|| CARA Y CRUZ ||

Frontera caliente

lunes, 06 de agosto de 2018 · 04:02

El ímpetu napoleónico del intendente santarroseño Elpidio Guaraz merecía trascender los escuetos límites provinciales. Su vocación expansionista ya se había manifestado con un cambio de domicilio que perpetró para tratar de postularse a la intendencia de Los Altos, comuna lindera a la suya. El movimiento estratégico había sido cuidadosamente diseñado. Mientras preparaba el salto, Guaraz se ocupó de restringir la incidencia de opositores en el Concejo Deliberante de Santa Rosa, vía expulsiones de ser preciso, para dejar al frente del cuerpo a su hermana Esther, cosa de que lo suplantara al frente del Ejecutivo en caso de que su incursión en Los Altos se coronara con éxito. No pudo ser, pero el lord mayor no es sujeto que defeccione a la primera de cambio. Reorientación sus afanes y está empeñado ahora en ampliar su esfera de influencia a la municipalidad de San Pedro de Guasayán, ubicada en la provincia de Santiago del Estero. Respalda allí la candidatura a intendente de Guido Sotelo, opositor del intendente en ejercicio José Roberto Nour. La colaboración de Guaraz no se acota a lo verbal: contribuye a la tarea proselitista de su aliado santiagueño con dádivas. La intensificación del tráfico fronterizo de camiones en campaña precipitó la reacción del intendente Nour, que instaló una cabina para cobrar peaje a las dádivas. Elpidio contraatacó clausurando negocios en la jurisdicción de Santa Rosa cuyos propietarios supone afines a Nour, con la advertencia: “sin perjuicio de radicar la correspondiente denuncia penal”. Cada uno opera con lo que tiene a mano. El conflicto recrudeció tras un piquete montado por la gente de Nour para impedir el paso de cargamentos de materiales de construcción provenientes de Santa Rosa, resistido por tropas de Sotelo que contaban con la colaboración de funcionarios y agentes municipales santarroseños. Se ve que la situación económica de Santa Rosa es de lo más holgada, pues a Guaraz le sobra como para suministrar materiales de construcción a la población de comunas ajenas.

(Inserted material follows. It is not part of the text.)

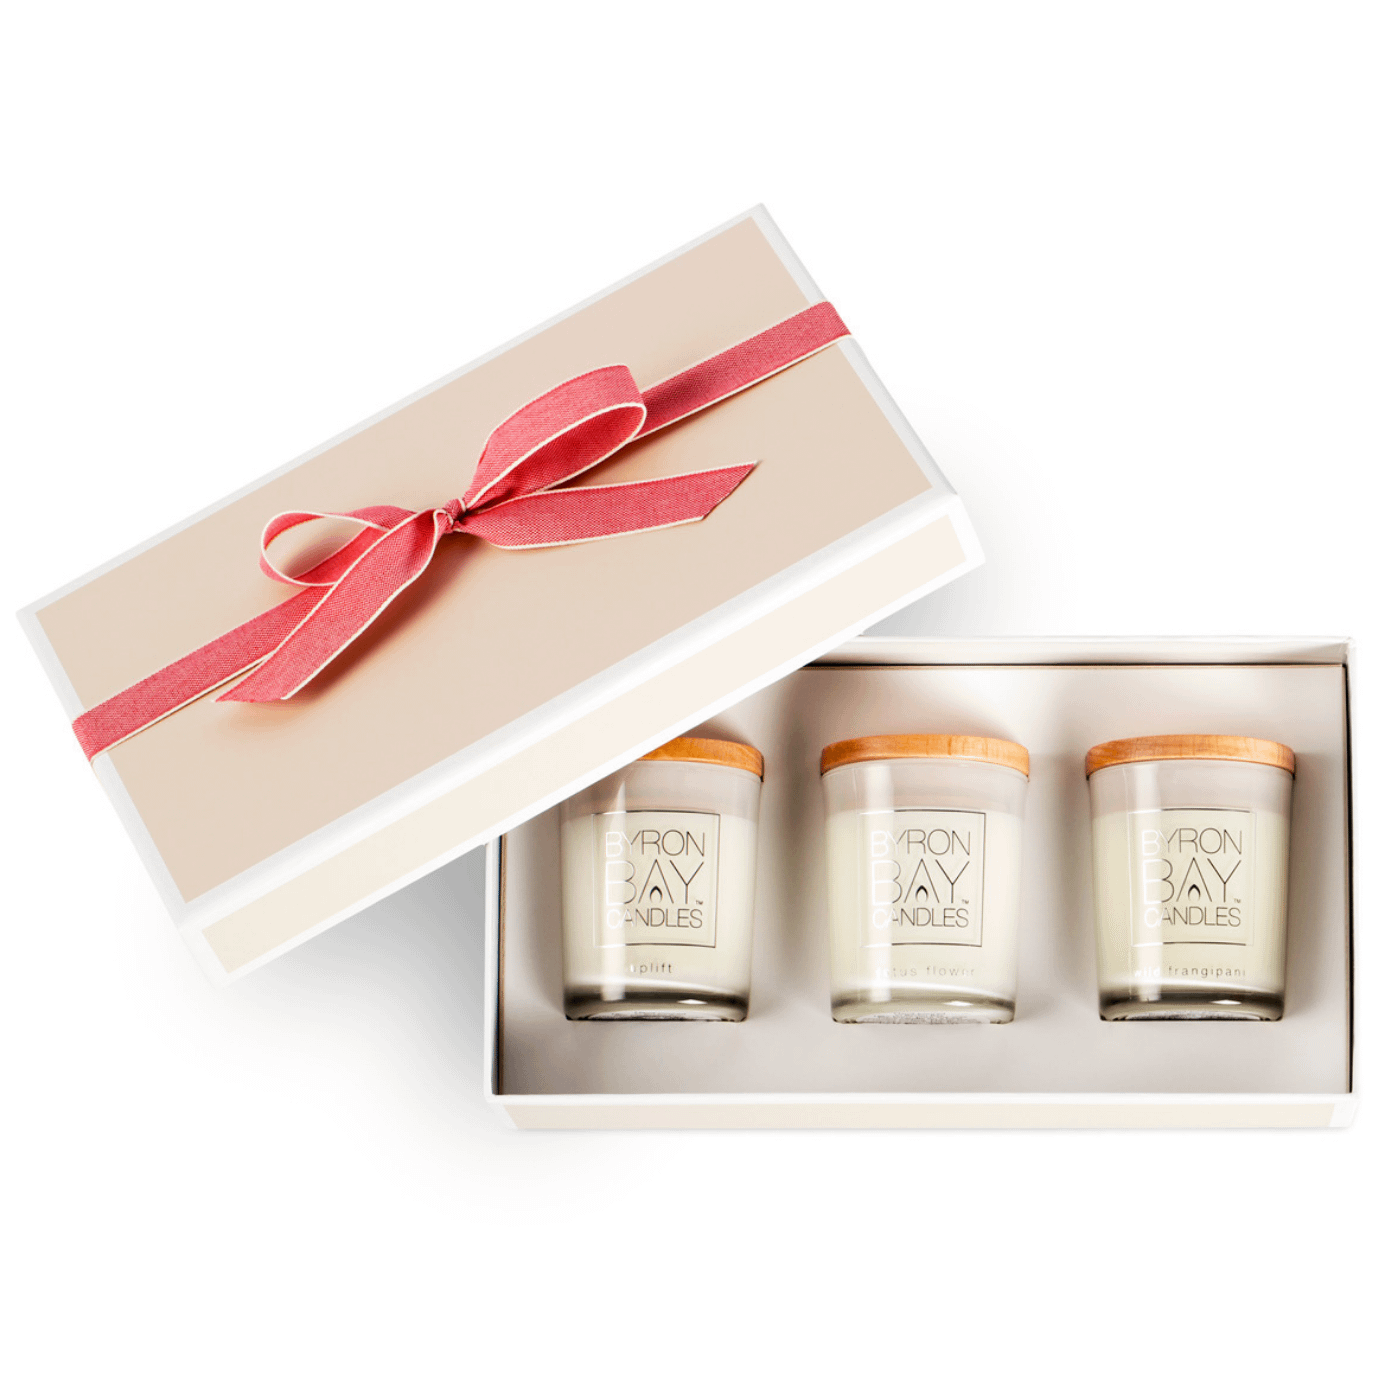 Triple Gift Set with 3 x 18 hour candles

Un filántropo.

 

Parece que este santiagueño Nour no es de ancas y tiene unas tendencias a la desmesura similares a las de su colega de Santa Rosa. En la página 2 de la edición de hoy se reproducen unas manifestaciones suyas idénticas a las del general Leopoldo Fortunato Galtieri en el inicio de la trágica aventura de Malvinas: “Si quieren venir, que vengan; les ofreceremos batalla”. El desafío a las “patotas” fue planteado por el intendente Nour luego de las clausuras ejecutadas en Santa Rosa, en un acto de entrega de viviendas entintado de electoralismo, como es clásico en todas las provincias. Habrá que ver cómo toma Guaraz tamaña osadía. Tal vez se tome algún tiempo hasta que se reponga de las secuelas de la riña en la que se vio envuelto hace pocos días. Las elecciones municipales santiagueñas son recién en septiembre.

 

Otro asunto que habría que prever es el de las eventuales reacciones institucionales del Gobierno de Santiago del Estero por la intromisión de Guaraz en el entuerto electoral. Conociendo el paño, sería una imprudencia subestimar los alcances que podría tomar la controversia en el “lejano este”, o “lejano oeste”, si se prefiere adoptar la perspectiva santiagueña. Un problema es que el intendente de Santa Rosa no es propenso a aceptar sugerencias de ningún tipo y estima que su voluntad está por encima de cualquier norma. Una extensa carrera de extralimitaciones lleva a presumir que no se quedará en la horma solo porque su par de San Pedro de Guasayán le haya advertido que le hará frente. Más razonable es que prepararse para que ocurra lo contrario. Quizás sea conveniente alguna gestión de la Provincia para que despliegue su apoyo a un candidato de otra comuna por carriles menos provocativos que las dádivas.